# Mink oil



## Thumper (Feb 18, 2007)

SO yesterday I hosted the local Virginia Beach Havanese Playgroup at my house so I thought I'd get Gucci all bathed and cleaned up for that (waste of time! lol) But anyhow.....

I decided to try to use a little Mink Oil (The kind that you buy at the shoe stores) to tame some of the stray crazy fur on top of her head and it actually WORKED! Her forehead hair did comb back better and this morning it is so soft and silky!

:clap2: AND now, I'm wondering if this would be a good idea to put on the coat in places that are prone to *mat* in the future to make combing them out easier? She's not really matting yet, but I do see alot of potential in the mink oil for use in the future! It may even help to comb out mats????

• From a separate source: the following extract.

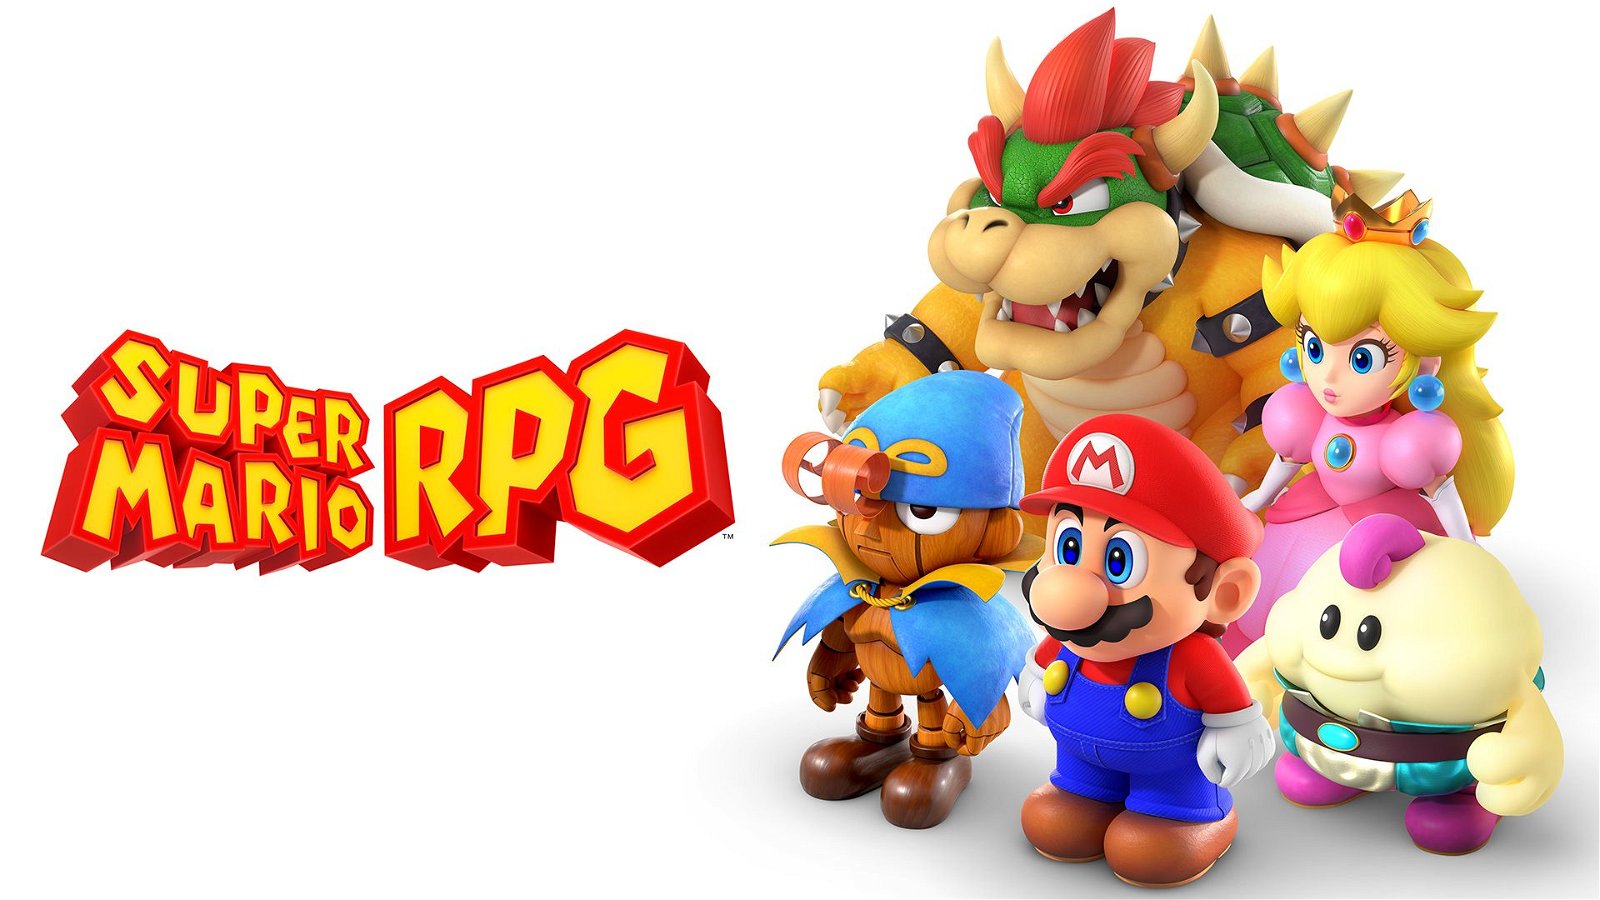 Image of Super Mario RPG

Has anyone else tried this?

She needs another bath today! It was a hot day yesterday here in Virginia and the dogs spent alot of time hiding in shade and trying to play with each other there! lol

I'll post some pics later!

Kara


----------



## Julie (Feb 8, 2007)

I don't know about the mink oil,but would definitely be interested in what others opinions are.:ear: They make a hair product for women with mink oil I think too.:fear: of getting it into the eyes and mouth would be a concern...


----------



## Thumper (Feb 18, 2007)

The mink oil from the shoe store is very easy to control...as it is sort of a "wax" and comes in like a shoe polish type tin. I see potential in it though!

Kara


----------



## Havtahava (Aug 20, 2006)

Kara, does it have a list of ingredients on it? If it lists anything with an -ethicone in it (which means it is a type of silicone), you may want to make sure you only use it sparingly. In my experience, the silicone based products tend to dry out the hairs with regular use and they also seem to attract dirt. (Sales reps claim that silicone does the opposite in repelling dirt, but all I know is that I have to bathe my dogs a lot more often when I use anything with silicone in it.)

If not, just be cautious to keep away from any areas that would be near her eyes or where she could lick, as Julie already mentioned.


----------